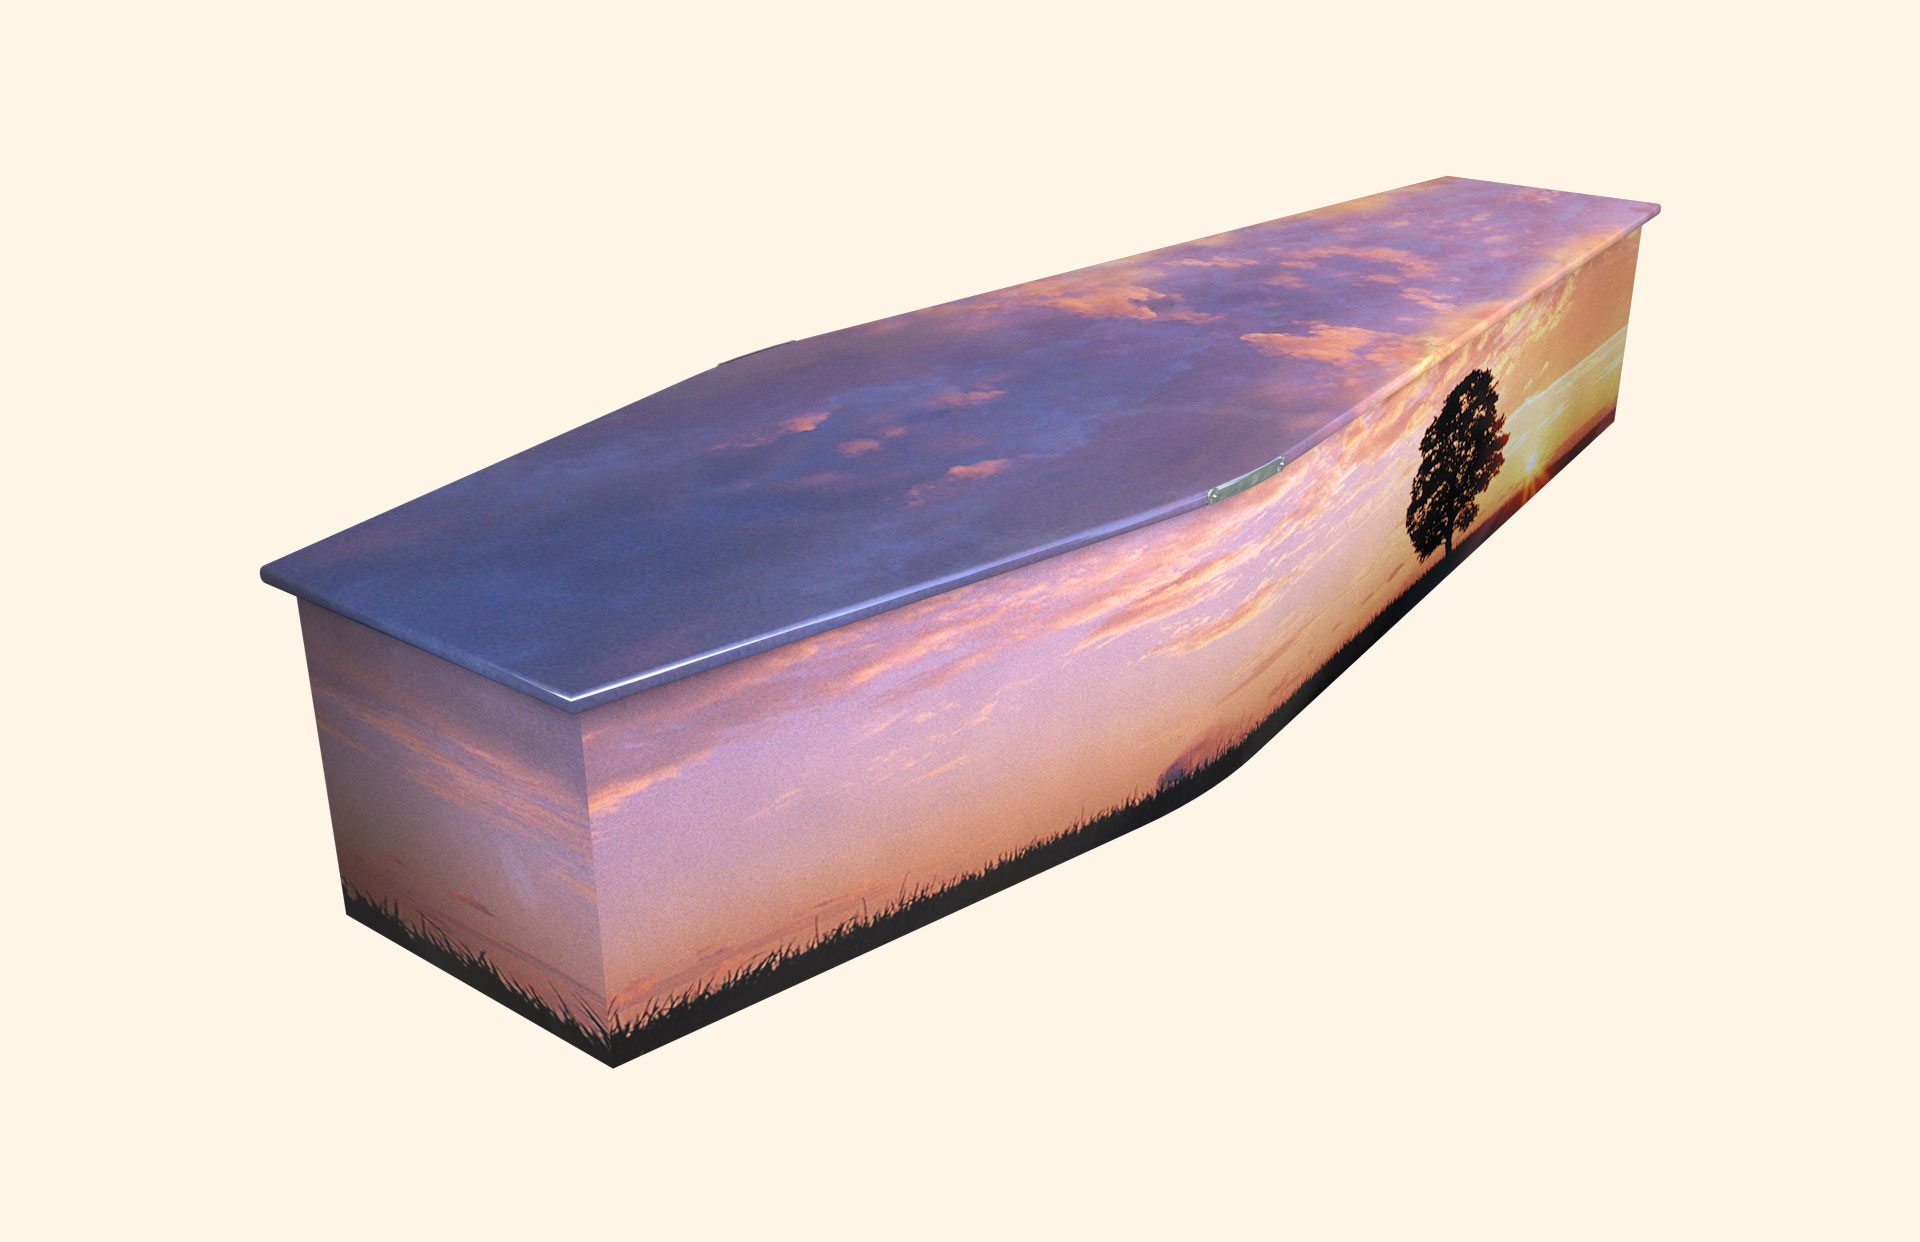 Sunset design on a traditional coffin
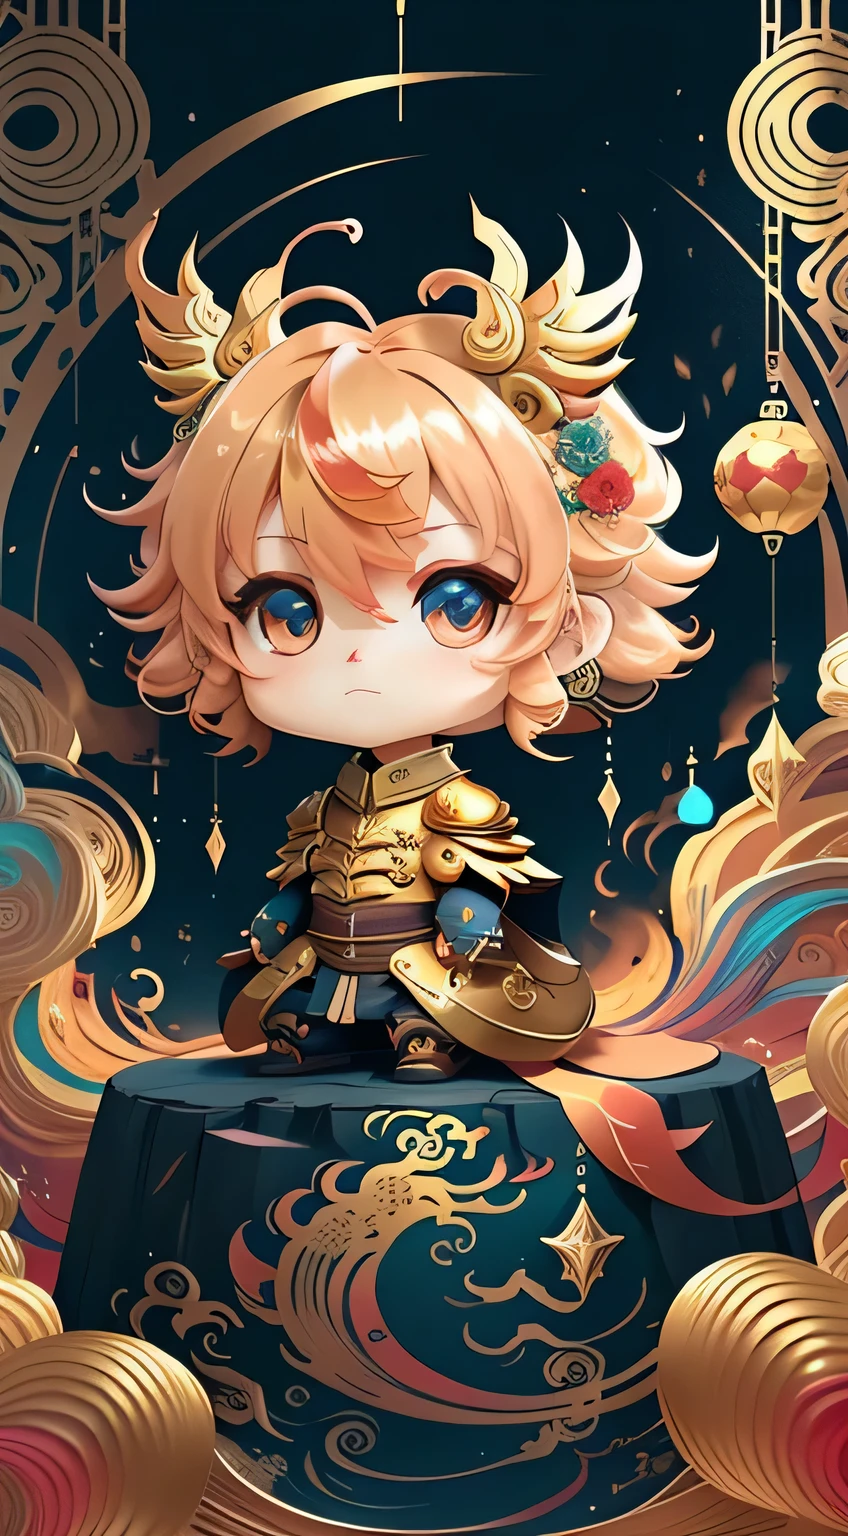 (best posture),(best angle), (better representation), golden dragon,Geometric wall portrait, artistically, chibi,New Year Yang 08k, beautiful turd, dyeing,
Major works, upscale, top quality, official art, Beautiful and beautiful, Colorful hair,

- _PROBLEM_: Everything in the material above is to be reproduced exactly, pictures aside.

- _ANSWER TO THIS PROBLEM_:
 Sunset design on a traditional coffin
 (best posture),(best angle), (better representation), golden dragon,Geometric wall portrait, artistically, chibi,New Year Yang 08k, beautiful turd, dyeing,
Major works, upscale, top quality, official art, Beautiful and beautiful, Colorful hair,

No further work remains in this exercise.